Всегда, и особенно сейчас, когда почти как в годы шпиономании общество живет под взаимным перекрестным следствием, выискиваются причины зла. Издали они видны вроде бы ясно: это мафия, или финансовые спекулянты, или видные лица. При приближении ясность картины мутнеет. Тираны для случайно попавших в ближний круг оказывались вовсе не откровенными злодеями. Они губили своих жен, но и во всей стране в коммунальных квартирах, в трудных семьях такое взаимное губительство было распространено, только не так заметно и не так действовало примером, а на вождя все смотрели.
Когда поиски зла при детальном рассмотрении увязают в подробностях и понятия преступника и жертвы путаются, люди начинают оперировать такими понятиями как структура и система. Догадываются, что каждый человек в своей отдельности примерно такой же как мы, но всё губит, всех портит система. В прошлом веке говорили: общество; нет преступников, виноват общественный строй, его надо сменить и всё будет хорошо.
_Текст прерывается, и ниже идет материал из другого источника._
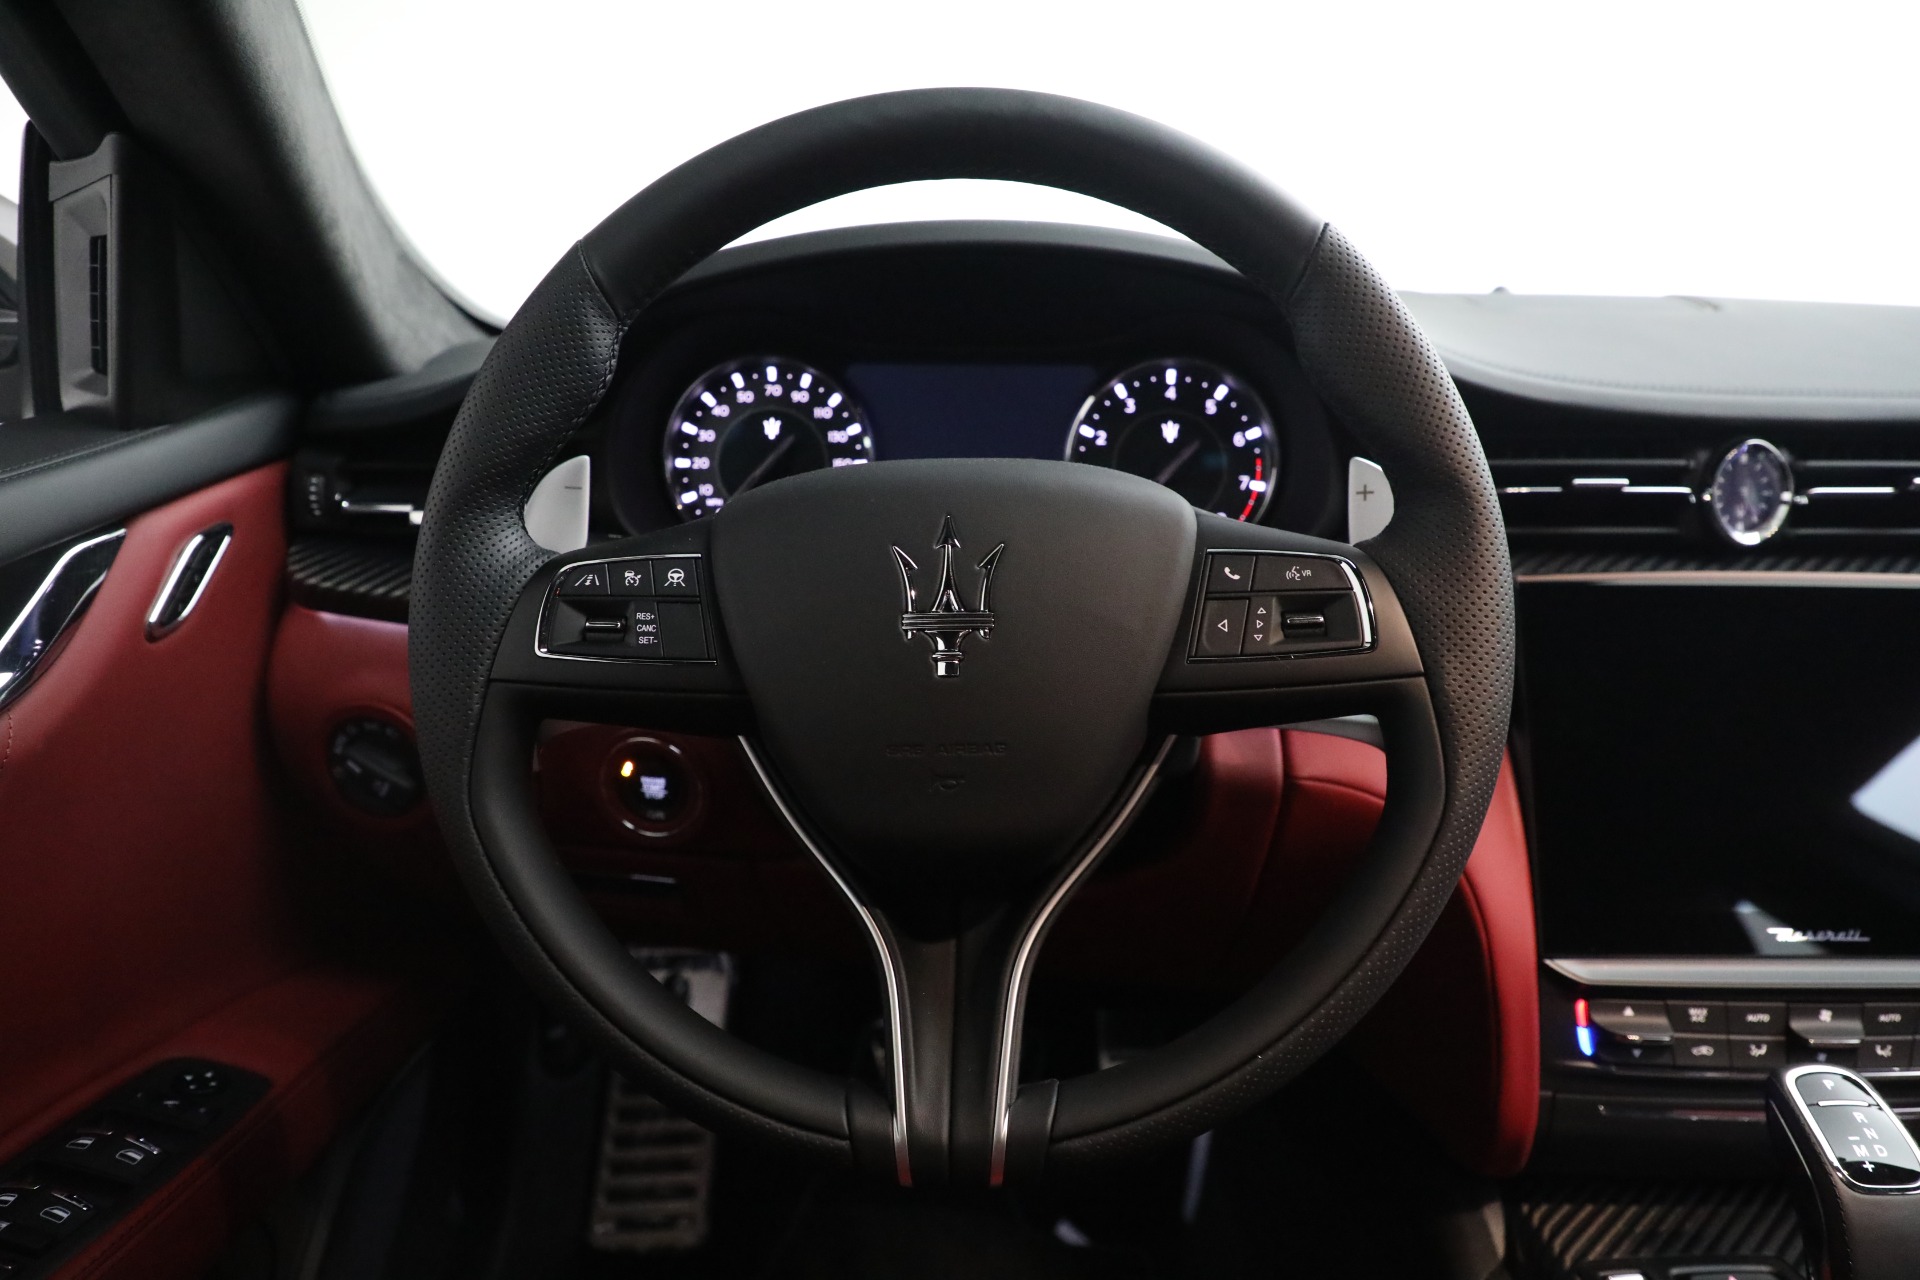 New-2022-Maserati-Quattroporte-Modena-Q4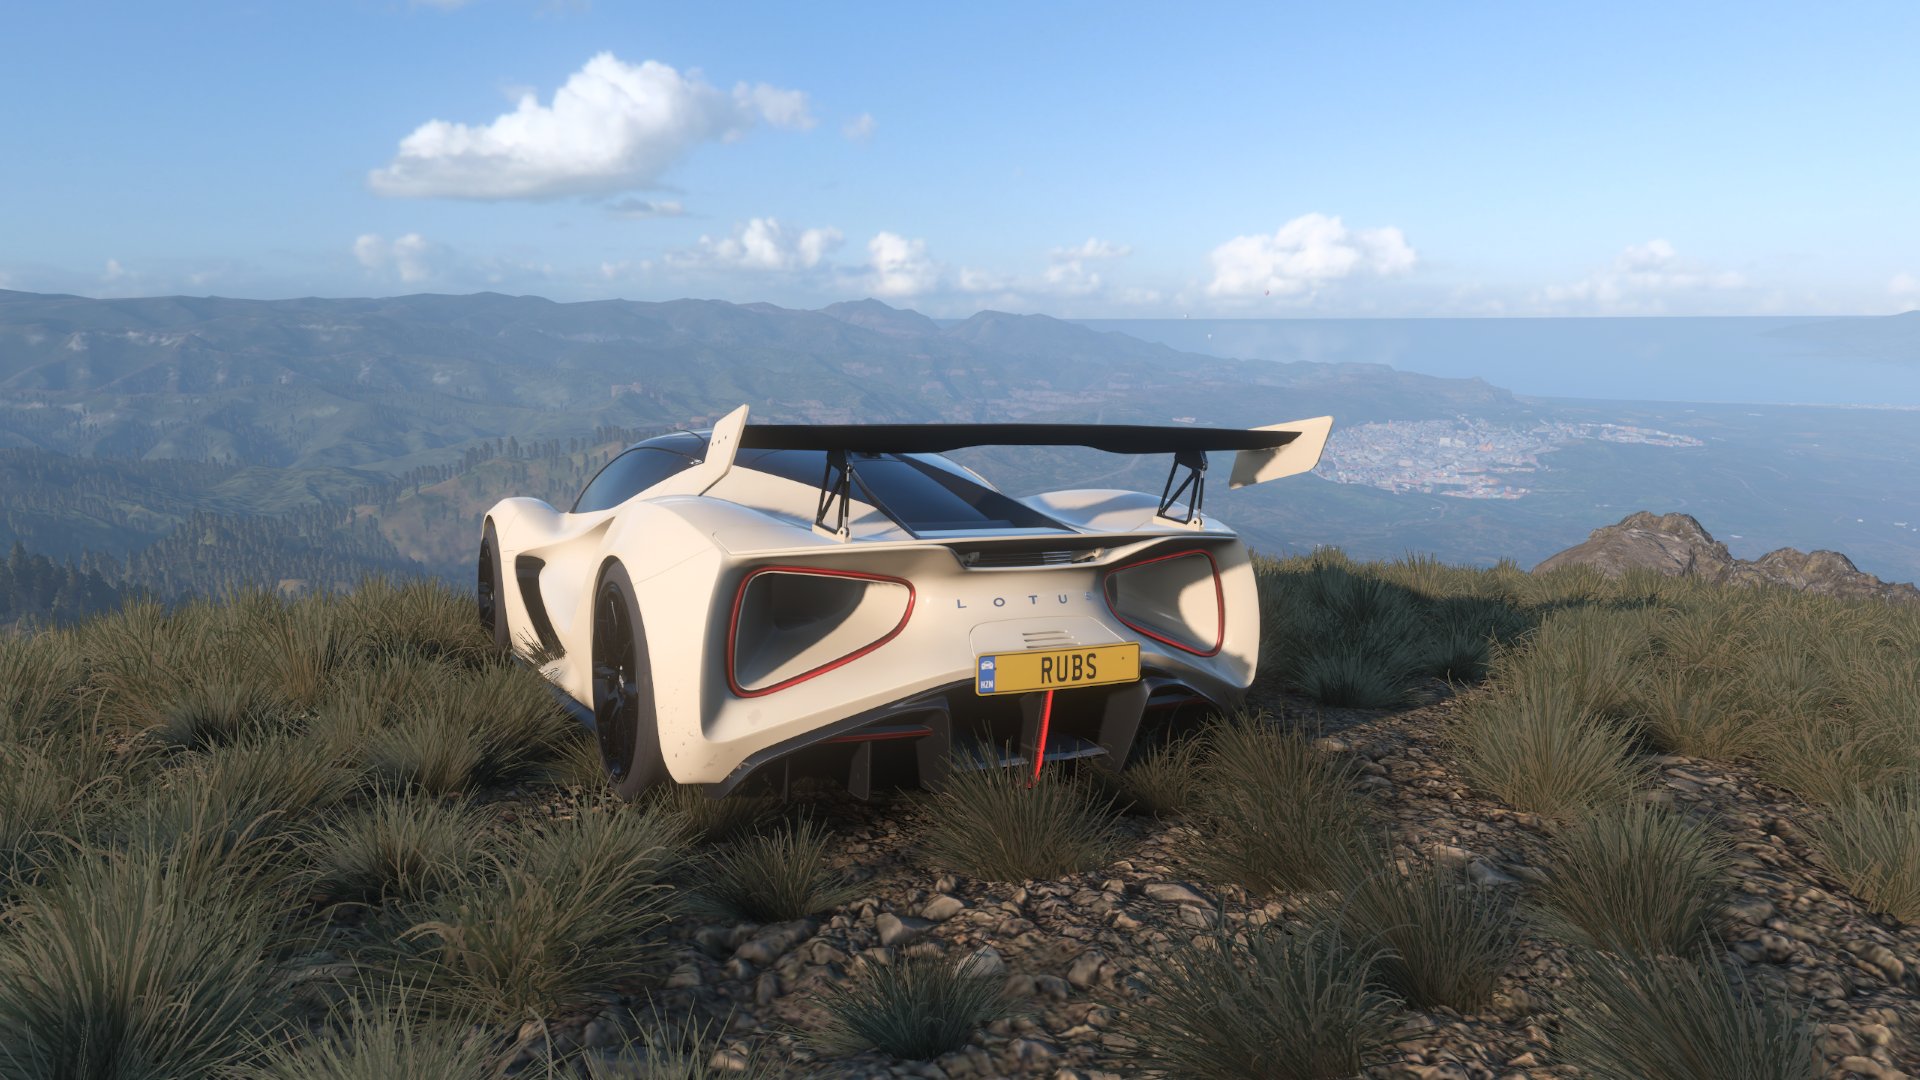 NIO EP9 Featured in Forza Horizon 5

Так была сменена недавно система у нас. То, что получилось, привело всех в замешательство. Стали говорить: на самом деле, тайно, с ведома темных лидеров система не сменилась, она осталась точно той же, только вывеска сменилась. Плохо, что те, кто держит ключи власти, остаются в темноте, до них не доберешься. Но те, с кем мы сталкиваемся, ведут себя как мы. Предположим, молодая дама сердится, что на нее кричат при перерасчете квартплаты в РЭПе, ремонтно-эксплуатационном предприятии (раньше называлось ЖЭК, жилищно эксплуатационная контора, Лосев говорил Джек: «Что, в вашем Джеке нет водопроводчиков?»), но та же обиженная днем дама ночью сердится и шлепает туфлей полуторагодовалого ребенка за то, что он, не больной и сытый, проснулся и зовет ее упрямо ночью – хотя у ребенка причины, да еще какие, мировые. В том, что дама шлепает ребенка туфлей и бухгалтер из своего кабинета нищую пенсионерку, виновата, мы говорим, в конечном счете система. Давно уже настоящим богом для большинства стало государство, газета, телевизор; государственная религия знает его как грозного, завистливого, злого, требовательного. Но бог системы фантом, он рисованный, раскрашенный неодаренной публицистикой, ленивым воображением и кричит о том чтобы его продумали, осмыслили, проели до правды вещей.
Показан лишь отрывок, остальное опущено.